Biological information is expensive. We have discussed the extraordinary energetic cost of replication, transcription, and translation in previous chapters. The ATP requirements of converting information from a gene in a chromosome to protein imposes a need for efficiency, explaining the pervasive and often complex regulation of the expression of every gene.
Of the 4,000 or so genes in the typical bacterial genome, or the 20,000 genes in the human genome, only a fraction are expressed in a cell at any given time. Some gene products are present in very large amounts: the elongation factors required for protein synthesis, for example, are among the most abundant proteins in bacteria, and ribulose 1,5-bisphosphate carboxylase/oxygenase (rubisco) of plants and photosynthetic bacteria is one of the most abundant enzymes in the biosphere. Other gene products occur in much smaller amounts; for instance, a cell may contain only a few molecules of the enzymes that repair rare DNA lesions. Requirements for some gene products change over time. The need for enzymes in certain metabolic pathways may wax and wane as food sources change or are depleted. During development of a multicellular organism, some proteins that influence cellular differentiation are present for just a brief time in only a few cells. Specialization of cellular function can greatly affect the need for various gene products; an example is the uniquely high concentration of a single protein — hemoglobin — in erythrocytes. It is clear from these examples that the appearance of gene products must be regulated. Our exploration of the regulation of gene expression is once again guided by multiple principles:
The cellular concentration of a protein is determined by a delicate balance of at least seven processes, each having several potential points of regulation. These processes include synthesis of the primary RNA transcript (transcription); posttranscriptional modification of mRNA; degradation of mRNA; protein synthesis (translation); posttranslational modification of proteins; protein targeting and transport; and protein degradation.
Regulation is achieved by specialized proteins and RNAs. The proteins are usually ligand-binding proteins with no other function. They bind to specific sequences in DNA or RNA. They respond to molecular signals that can be any kind of biological molecule. The RNAs either interact with other RNAs or serve as protein cofactors.
Regulated gene expression may bring about increases or decreases in the amount of a gene product. Gene products that increase in concentration under particular molecular circumstances are referred to as inducible; the process of increasing their expression is induction. Conversely, gene products that decrease in concentration in response to a molecular signal are referred to as repressible, and the process is called repression.
The default transcriptional state of a gene, on or off, is dictated in part by the size and complexity of the genome. In bacteria, where genomes are relatively small and DNA is readily accessible, the default state of genes is generally “on.” Transcription of each gene or gene cluster is usually limited by a specific protein repressor. In eukaryotes, where genomes are larger and genes are encapsulated in chromatin, the default state of most genes is “off.” Gene transcription requires chromatin modification followed by the action of transcription activators.

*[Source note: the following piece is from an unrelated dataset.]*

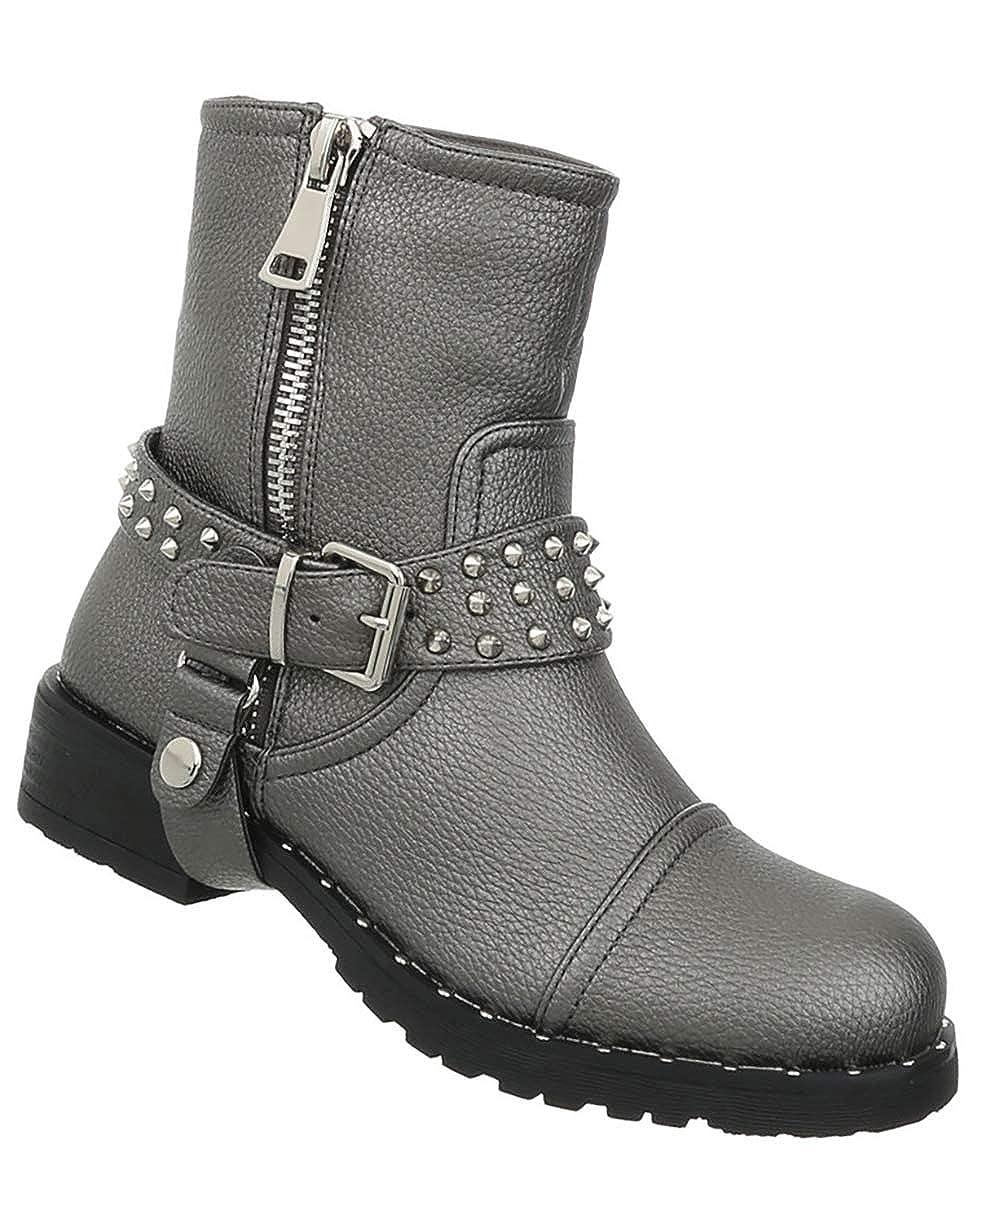 Damen Schuhe Stiefeletten Bequeme Übergangsstiefel Kurze Stiefel Blockabsatz Stiefelies 36-41

Regulation is expensive. For many genes, especially in eukaryotes, the regulatory processes can require a considerable investment of chemical energy. That expenditure is nevertheless small when compared to the cost of RNA and protein synthesis when the gene is expressed.
The steps required to generate and then remove an active protein or RNA, all of which may be regulated, are summarized in Figure 28-1. We have examined several of the relevant regulatory mechanisms in previous chapters. Posttranscriptional modification of mRNA, by processes such as alternative splicing patterns (see Fig. 26-20) or RNA editing (see Figs 27-10 and 27-12), can affect which proteins are produced from an mRNA transcript and in what amounts. A variety of nucleotide sequences in an mRNA can affect the rate of its degradation (p. 986). Many factors affect the rate at which an mRNA is translated into a protein, as well as the posttranslational modification, targeting, and eventual degradation of that protein (Chapter 27).

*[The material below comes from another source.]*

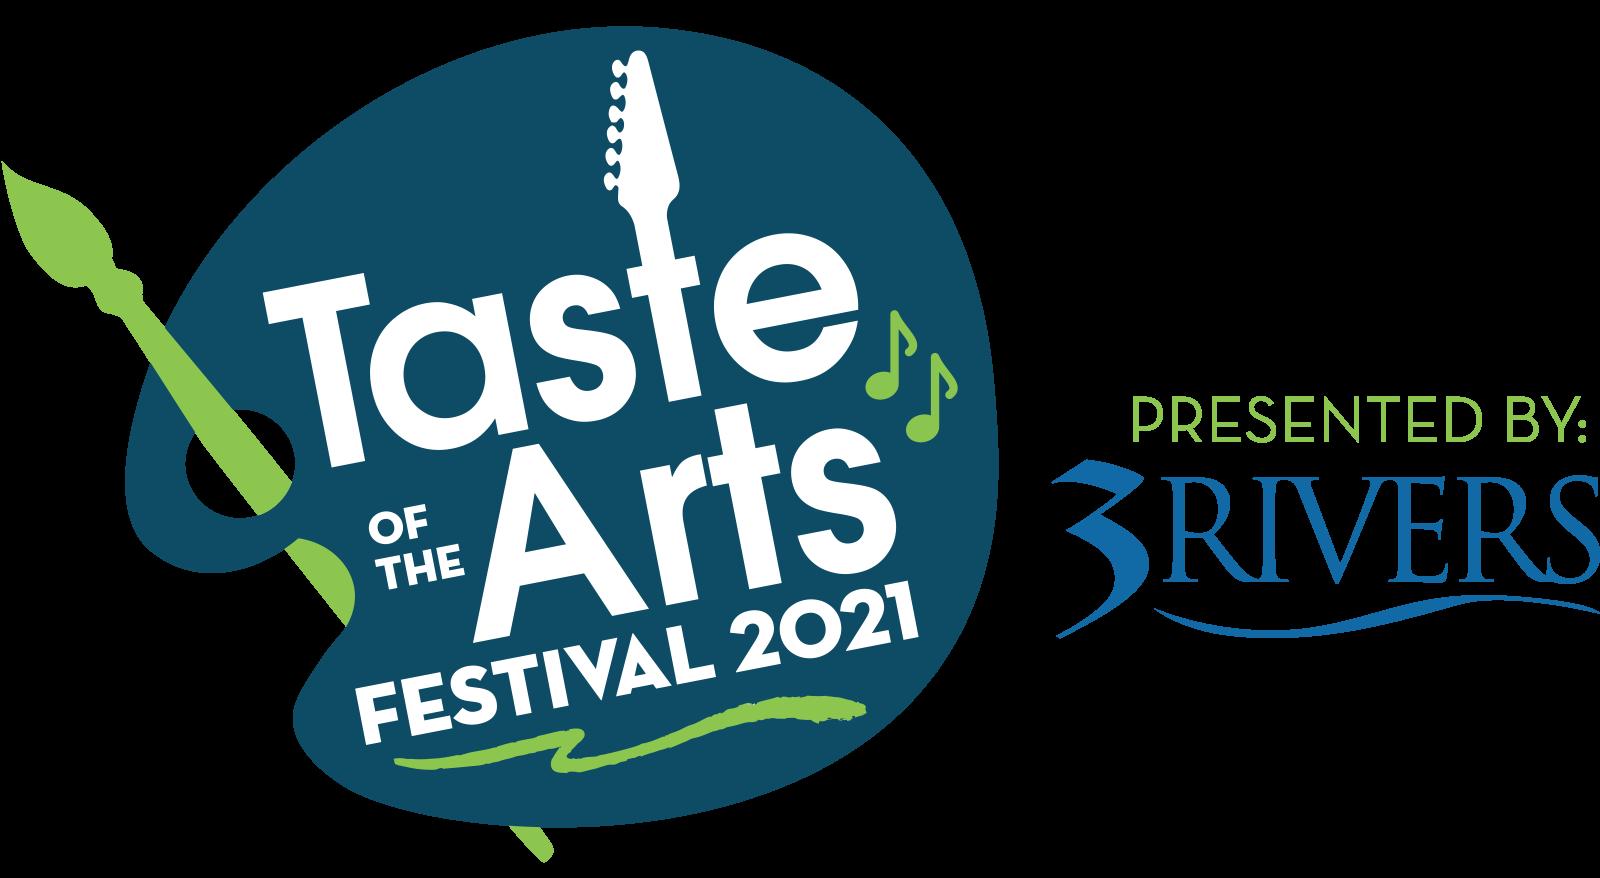 Taste of the Arts Festival

Of the regulatory processes illustrated in Figure 28-1, those operating at the level of transcription initiation are particularly well-documented. These processes are a major focus of this chapter, although we also consider other mechanisms. As noted in earlier chapters, the complexity of an organism is not reflected in the number of its protein-coding genes. Instead, as complexity increases from bacteria to mammals, mechanisms of gene regulation become more elaborate, and posttranscriptional and translational regulation play greater roles.
Control of transcription initiation permits the synchronized regulation of multiple genes encoding products with interdependent activities. For example, when their DNA is heavily damaged, bacterial cells require a coordinated increase in the levels of the many DNA repair enzymes. And perhaps the most sophisticated form of coordination occurs in the complex regulatory circuits that guide the development of multicellular eukaryotes, which can include many types of regulatory mechanisms.
We begin by examining the interactions between proteins and DNA that are the key to transcriptional regulation. We next discuss the specific proteins that influence the expression of specific genes, first in bacterial and then in eukaryotic cells. Information about posttranscriptional and translational controls is included in the discussion, where relevant, to provide a more complete overview of the rich complexity of cellular regulation.